Chi sarà mai il regista che inizia il suo film con l’immagine dell’universo, del caos primordiale? Ma è lui, l’unico, Terry Gilliam, che arriva solo ora nelle sale con il suo The Zero Theorem, visto a Venezia, il teorema che vorrebbe dimostrare che tutto è uguale a zero, una possibile risposta alla domanda sul «senso della vita» che divertiva così tanto i Monty Python delle origini. Uno scienziato non troppo sano di mente e geniale (Christoph Waltz) è il protagonista, refrattario al contatto umano, che vive in una grande chiesa dismessa, circondato da affreschi, vetrate policrome, colonne tortili e cumuli di libri e computer di futura generazione, ma certo assai affidabili. Appena esce fuori dal portale è immerso in un caos di bombardamenti pubblicitari di cui è maggiormente responsabile l’azienda per cui lavora, l’impresa leader del settore con a capo Management (Matt Damon) che gli affida i compiti più complessi, come l’insolubile teorema. Riesce infine a fare in modo di lavorare da «casa» con uno sveglissimo stagista quindicenne, figlio del boss.

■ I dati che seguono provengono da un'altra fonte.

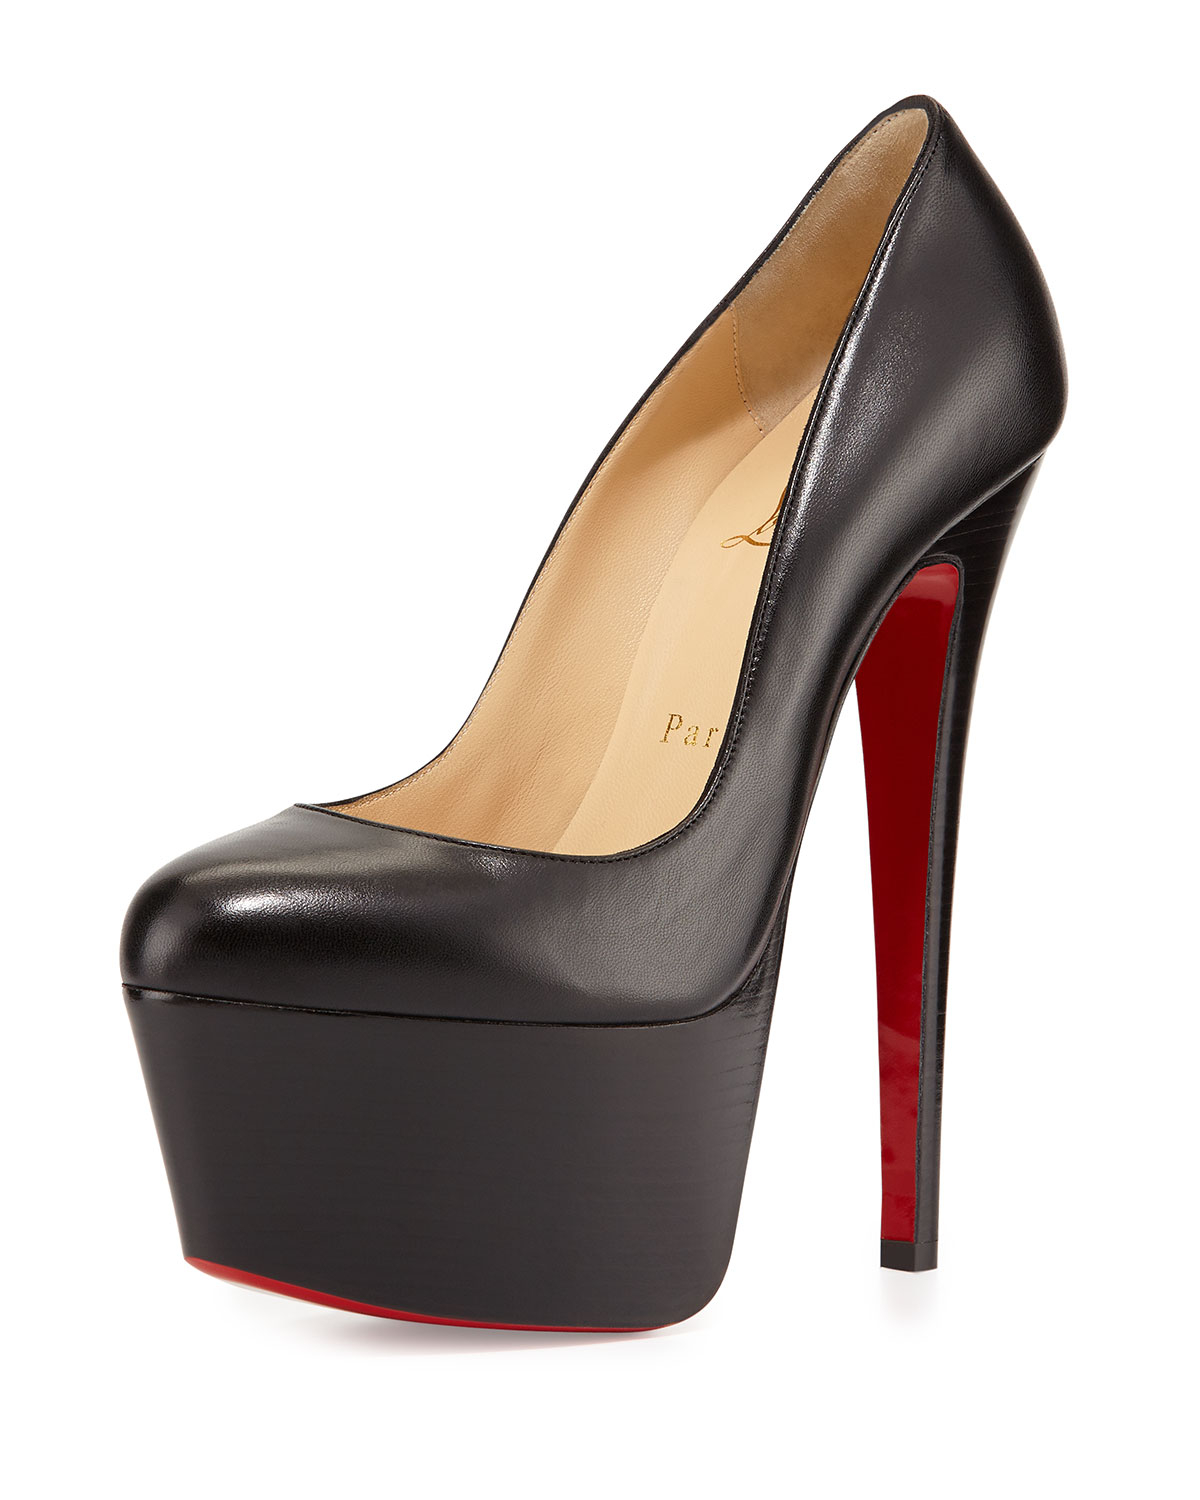 Lyst - Christian Louboutin Victoria Leather Platform Red Sole Pump in Black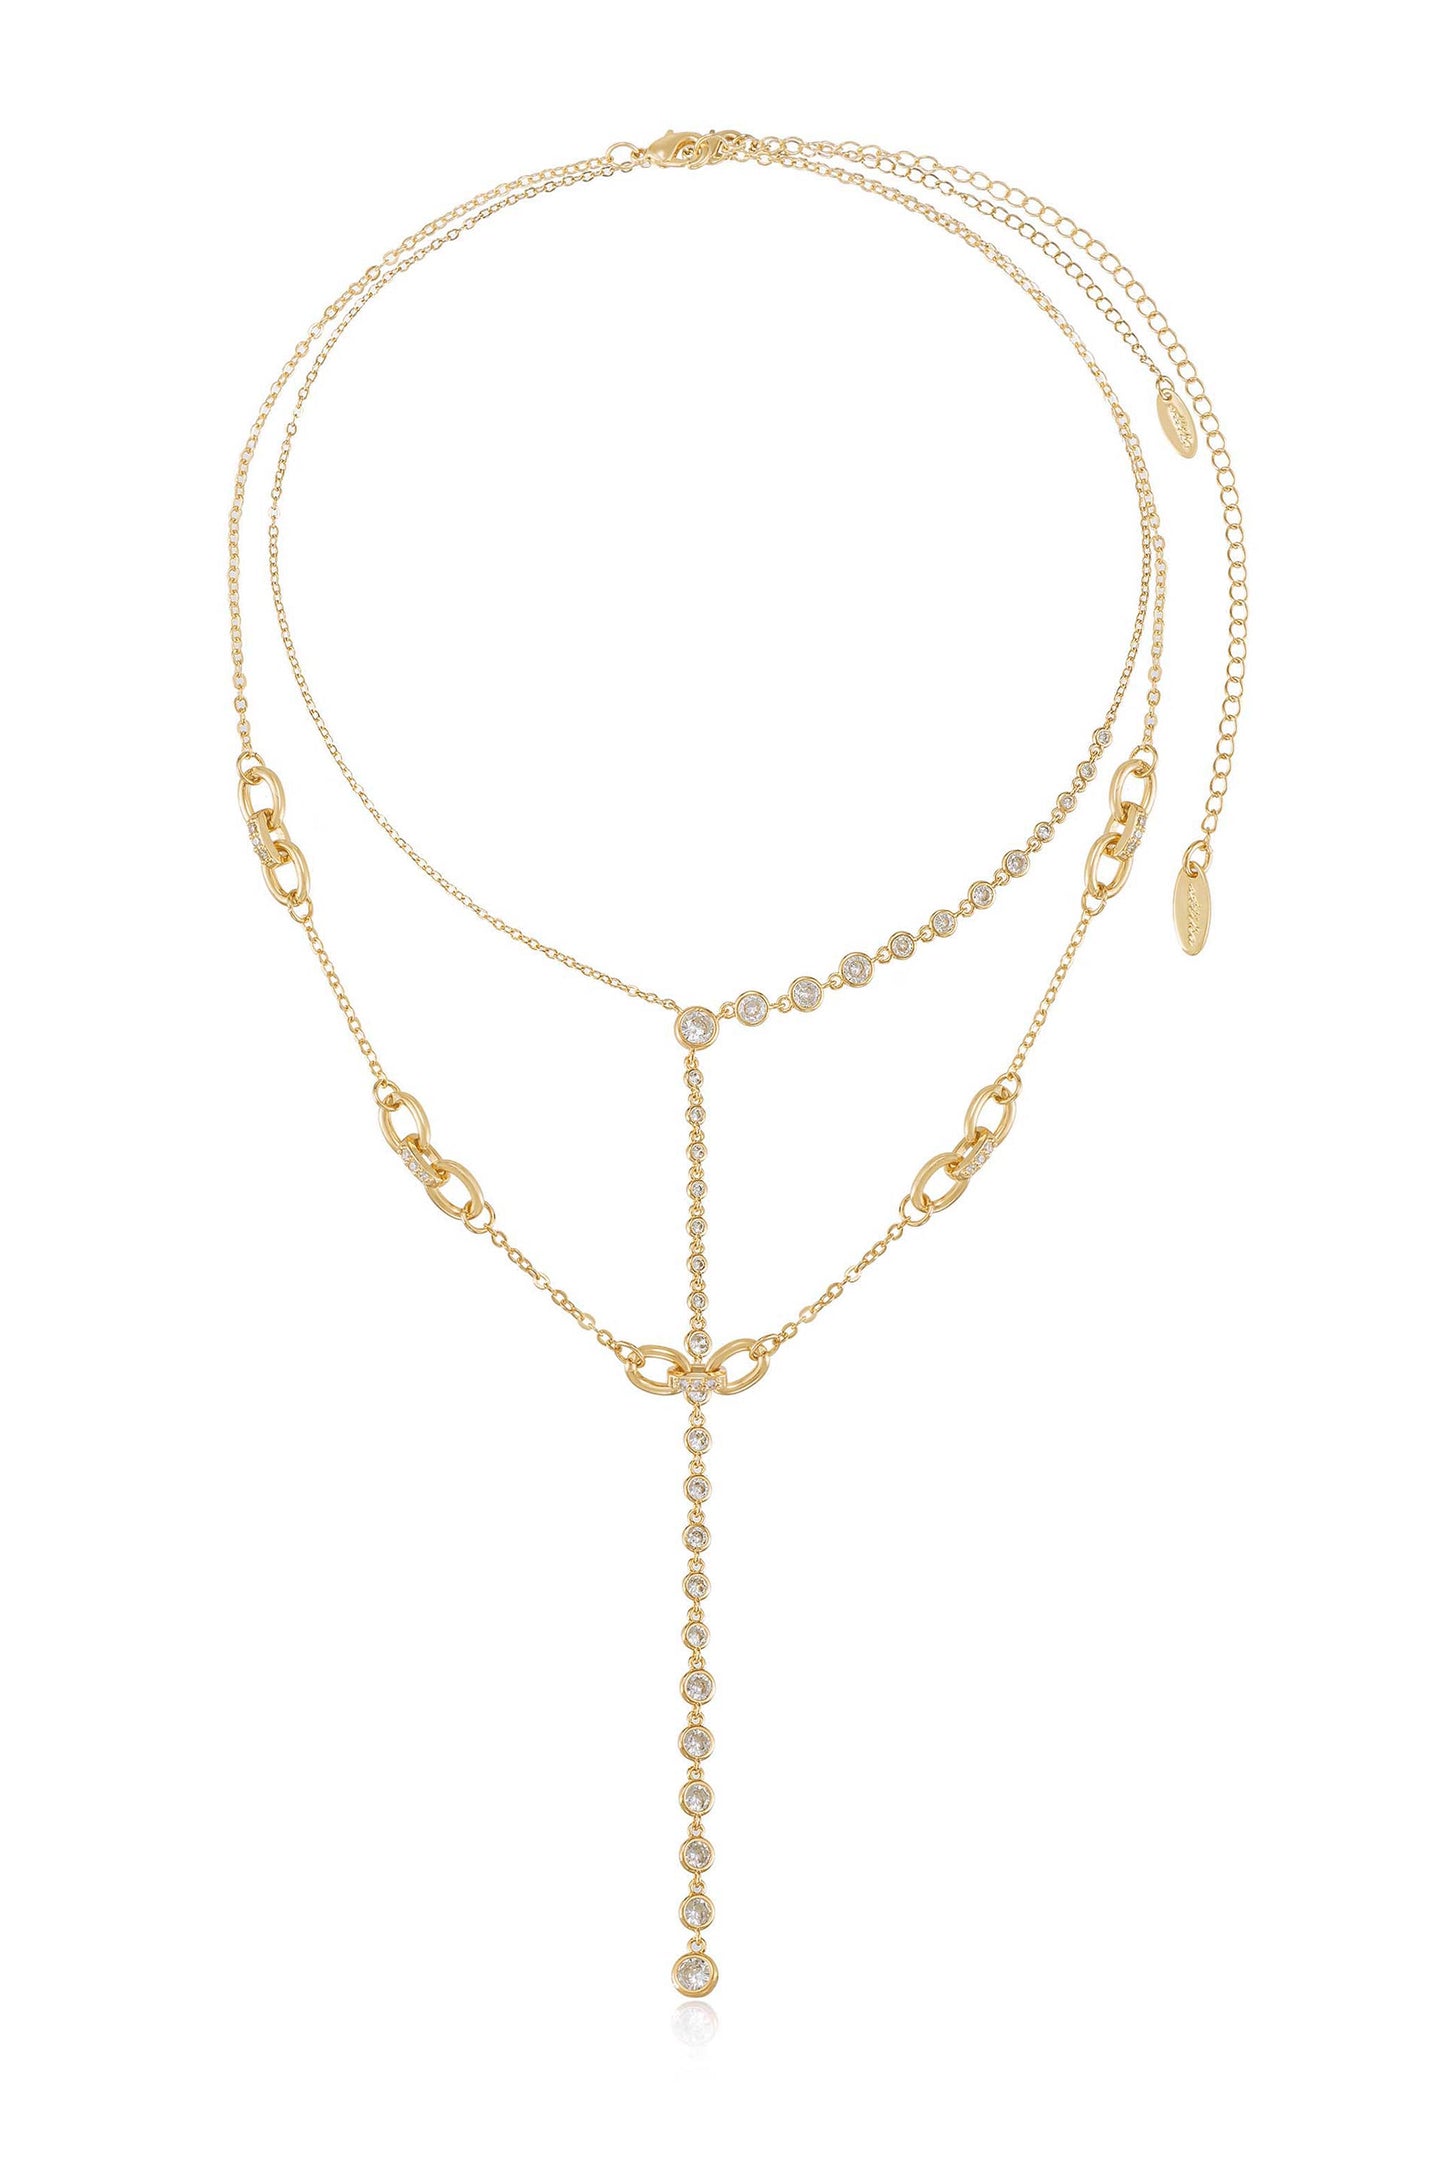 Asymmetrical Crystals Lariat 18k Gold Plated Necklace Set full

E mentre una spumeggiante bionda (Mélanie Thierry), sintesi tra Judy Holliday e Marilyn («che hard drive enorme che hai!»), gli apre i paradisi dell’incontro virtuale, l’unico che è in grado di sostenere, qualcosa di non virtuale si fa largo nella sua mente e soprattutto nel suo cuore. Ricordiamo The Crimson Permanent Asurance, il suo episodio del Senso della vita quando era tra i Monty Python, la geniale scena degli impiegati anziani e malmessi dell’agenzia di assicurazioni che si distaccavano in volo dal loro ufficio diventato un vascello di pirati a sintetizzare inaspettatamente la nuova schiavitù del lavoro e la via d’uscita. Qui con un vasto dispiegamento di costruzioni sbalorditive si mostra una società del «futuro» che impone la separazione tra gli individui e favorisce i contatti solo virtuali.

E ancora una volta ognuno dovrà dare le sue risposte, se non si perderà nella fantasmagorica costruzione dell’avvicendamento delle scene dove costruzioni e personaggi si fondono.

Lui e lei a un certo punto ondeggiano dello spazio come una citazione reciproca Gilliam-Cuaron: ci sarà pure un significato in questo. L’uomo dovrà probabilmente disconnettersi per ritrovare un senso, soprattutto per non essere vittima del nuovo sfruttamento del lavoro, anche se ha smesso di farsi domande per paura del licenziamento. Il divertimento puro di questo film allontana istanze moralistiche, va al nocciolo delle cose, a dispetto dello sguardo che vaga da un’invenzione all’altra, troppo humour per cedere alle banalità, al volgare trucco virtuale.